I don’t believe that you can cleanly assert that clouds such as S3 are more secure. It is true that they have dedicated experts looking over the security of the system, which is something Sia hosts do not have. But it’s also true that they are much juicier targets. When all of the data is on a single system, it becomes much more worthwhile for a dedicated hacker to target that system in depth. The iCloud leaks are a good example of this. A massive treasure trove of illicit photos was distributed resulting from a single vulnerability.

With Sia, data is spread across a large number of nodes. At scale, we’ll be talking about thousands of nodes that are mostly dedicated exclusively to hosting data on Sia. Each host will certainly be more vulnerable than a massive datacenter like iCloud, however the payoff for hacking one will be a lot smaller. Is it easier to hack a single Apple cloud, or hundreds of diverse, widely distributed nodes which are each individually weaker?

It ultimately depends on how much weaker each individual node is. I am guessing that each host will in fact be pretty secure on average, because they will be earning revenue from the machine, will have collateral on the machine, and will be motivated to protect what they own.

7. I have a fire-proof vault at home, a sophisticated backup scheme, with expert-grade security on my system, and tapes in another country that I use to back up my data. It’s very cheap. Why should I switch to Sia?

If you are doing the above, you are probably a security expert and probably well above the competence of our general target market. If you are a business, you are probably paying a team of people to manage your backups and such, so don’t forget to include their salaries in the total-cost-of-ownership. Plus the overheads of needing to deal with things like headhunting + retirement.

The truth is that, with enough expertise, you absolutely can beat the Sia offering. But that requires you to either be an expert, or to hire an expert. And Sia proposes to be cheaper than hiring the expert. If you are a normal person or a normal business, you have other things that you should be focused on and worrying about. Sia hopes to offer you a complete solution that completely obliterates the TCO of other solutions in the space. If you run the numbers, I expect you’ll find that our price ($1/TB/Mo) is hard to beat.

8. I don’t understand why Sia is a cheaper option.

Sia’s fundamental advantage is the marketplace. It’s a simple marketplace where the only thing that matters is efficiency. The cloud storage market today requires a substantial amount of trust, marketing, and business overhead. If you want to start a cloud storage company that is selling data out of your garage, you won’t be able to. And it won’t matter if your garage has superlative security, price, speed, etc. etc., because nobody will trust you. Garages aren’t known for being competent data storage facilities. Enterprises want datacenters, and they don’t just want any datacenter, they want the reliable one, the known one. They want legal paperwork and SLAs and a guarantee that someone can be sued if they screw up. There’s a saying “nobody ever got fired for choosing IBM.” That’s because IBM has a name, a reputation, a massive business arm, and they will take care of you in many ways that extend beyond your data.

All of that is overhead. It’s expensive. Names take a long time to establish, and once they are established they can be cashed in through increased prices.
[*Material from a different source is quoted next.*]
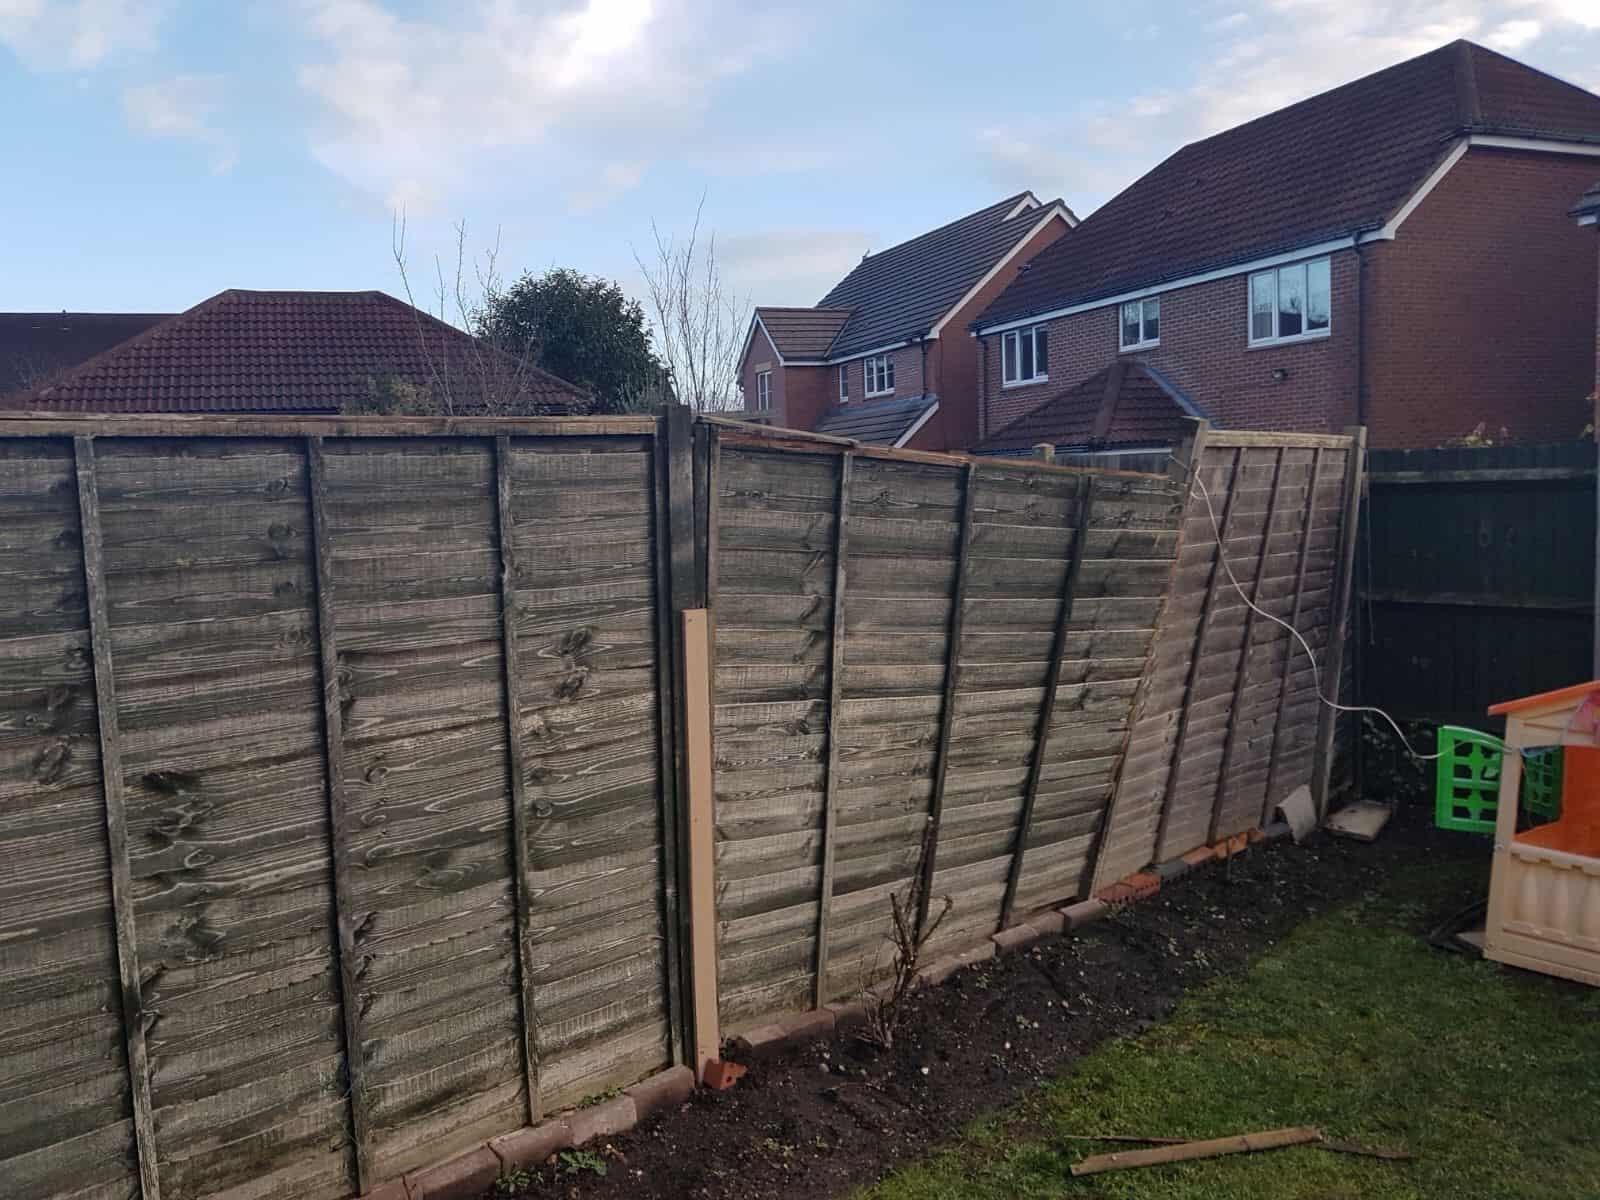 Garden fence work / fencing

In today’s world, running a cloud storage business requires massive overhead.

Sia changes all of that. The fundamental improvement is that we make it safe to trust some random garage to hold your data. And there are a number of things that we need to do to make this reasonable and secure where it was not previously reasonable.
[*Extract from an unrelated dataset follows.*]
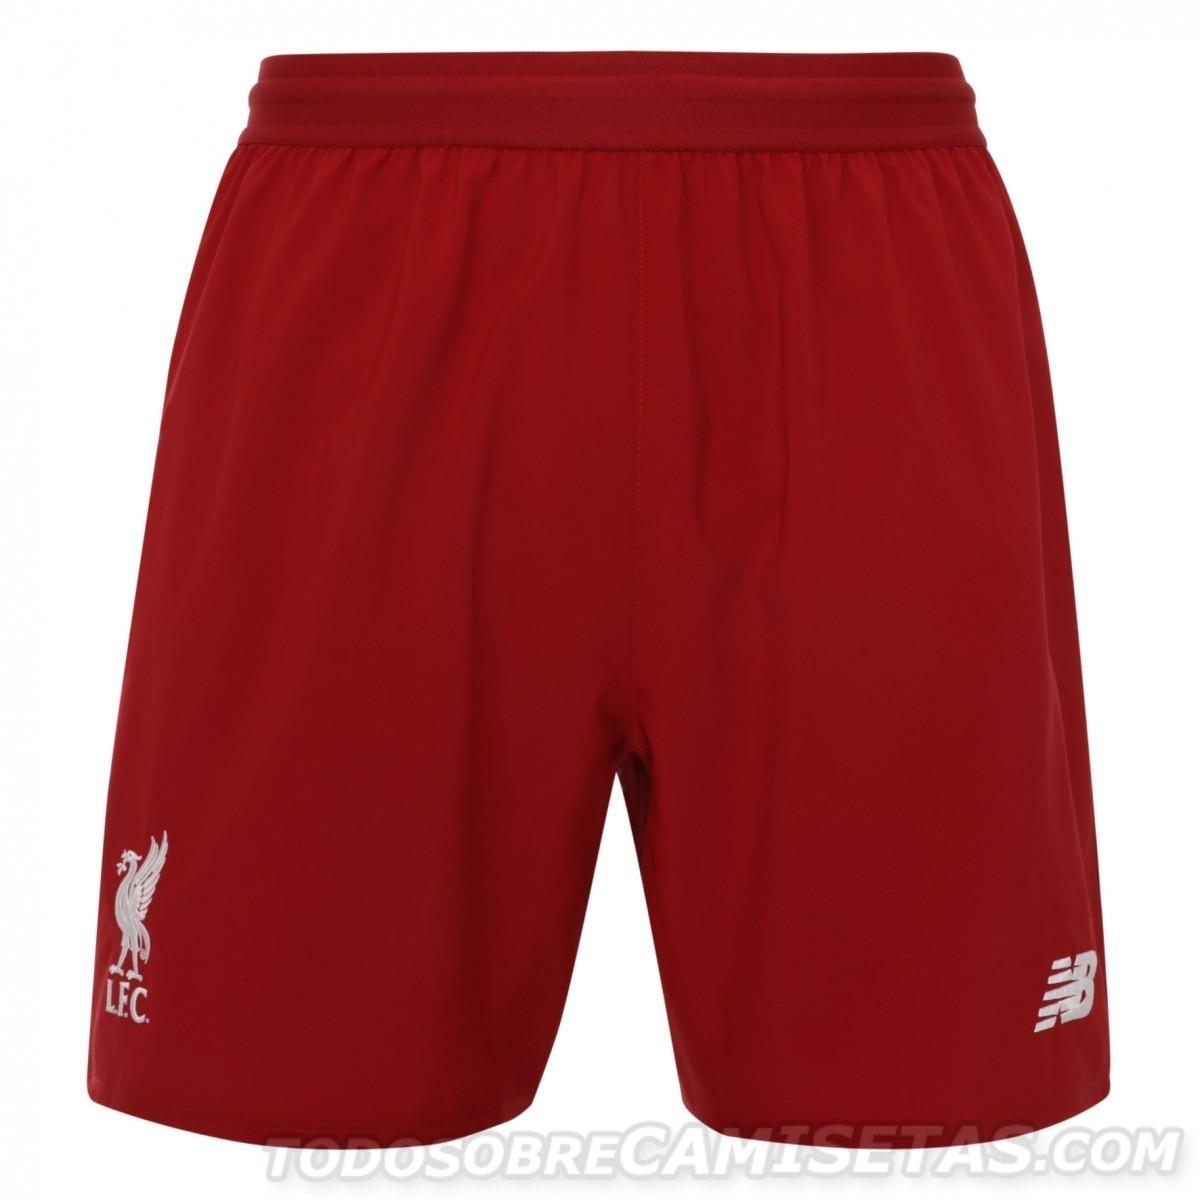 Liverpool-2018-19-New-NEW-BALANCE-home-kit-8.jpg

  • Sia uses wide redundancy. A 10-of-30 scheme is probabilistically far superior to a 1-of-3 or even a 1-of-6 security scheme. You get massive reliability benefits with little overhead. With this redundancy scheme, we no longer need datacenter’s with 99.99999999% reliability. Getting that much reliability in a traditional setting is very expensive. Sia however works extremely well if hosts can reach just 95% reliability. This is something you can measure on your own, you don’t need to perform security audits to see that of your 30 hosts, less than 1 is disappearing every day.
  • Sia uses strong client-side encryption. Not only is the data being distributed to 30 different hosts, but each data piece is being encrypted using a separate encryption key, and the encryption all happens before the data ever leaves the machine. Having your nude photos exposed to the public because of a single database hack is a thing of the past. Nobody can see your data, nobody can deduplicate your data, and we distribute the data such that the metadata can’t be used to identify specific files. Your data is kept private.
  • Sia uses blockchain contracts which require hosts to supply collateral. When you pay a host to store your data, that payment is conditional on the host actually storing the data. But Sia goes one step further and requires the host to also make a payment that they lose if they lose your data. The host can’t just walk away, if they do they will incur penalties far beyond merely losing your business or your revenue. They have a monetary stake in protecting your data. The renter makes the payment up front, and the host puts in collateral up front, and then the host gets all of the money if and only if they perform the storage proof after the designated amount of time (default 12 weeks) has passed.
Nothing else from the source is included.